Investment activity in Slovakia rebounded in 2025, with total annual volumes reaching €967 million. This represents a cyclical peak and outperforms the long-term annual average of approximately €700 million.
Industrial and retail assets dominated investment activity, while office investments remained subdued. Investor demand focused primarily on well-located value-add assets and properties offering stable income supported by long-term lease agreements. Capital sources varied by sector: industrial investments were driven by capital from outside the CEE, retail by CEE-based investors, and office transactions predominantly by domestic Slovak investors.
"The increase in transaction activity followed a prolonged period of limited liquidity caused by high interest rates and misalignment in pricing expectations. While investor sentiment remains cautious, improved pricing alignment and continued capital allocations to CEE-focused strategies supported transaction execution," explains Rudolf Nemec, Head of Capital Markets at Cushman & Wakefield Slovakia.
In total, more than 50 commercial properties were sold in 2025, many as part of portfolio transactions, including 10 shopping centres changing ownership. Industrial assets led investment activity with a 46% share (€446 million), followed closely by retail at 43% (approximately €413 million). Office investments remained limited, accounting for 9% of total volumes, or around €87 million.

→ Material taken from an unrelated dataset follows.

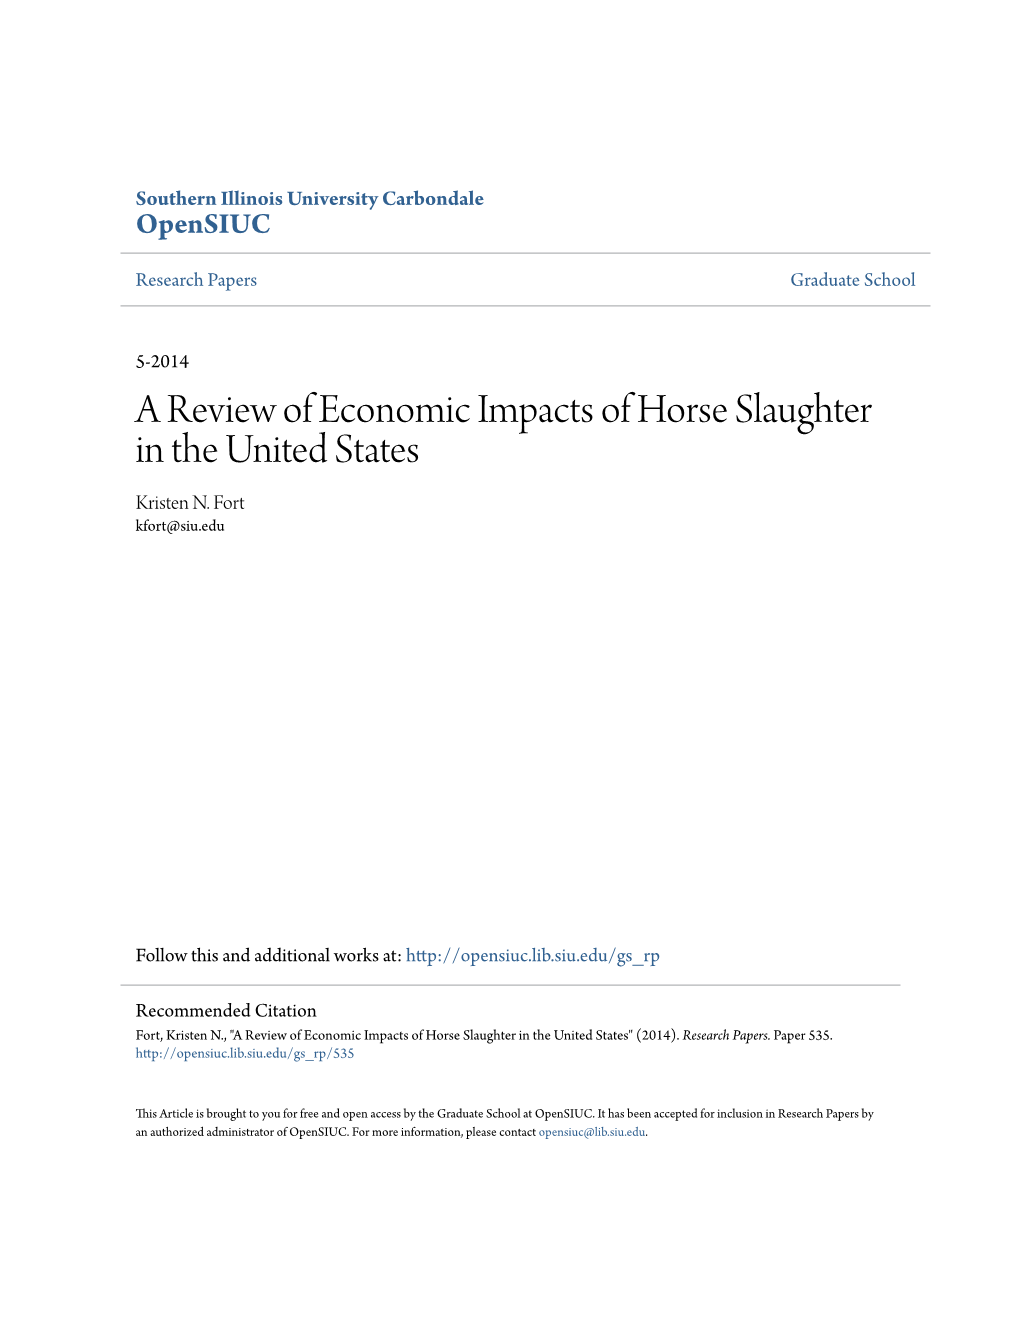 A Review of Economic Impacts of Horse Slaughter in the United States Kristen N

Key transactions included Penta's sale of Bory Mall to Czech investment fund ZFP Investments, offering 54,000 sqm of gross leasable area. Manova Partners sold Amazon's logistics centre in Sereď to Erste Realitná Renta, while Wood & Company acquired VIVO! Bratislava. "In 2026, investment activity is expected to remain selective, with transaction volumes dependent on asset quality, alignment of pricing expectations and capital availability," concludes Nemec.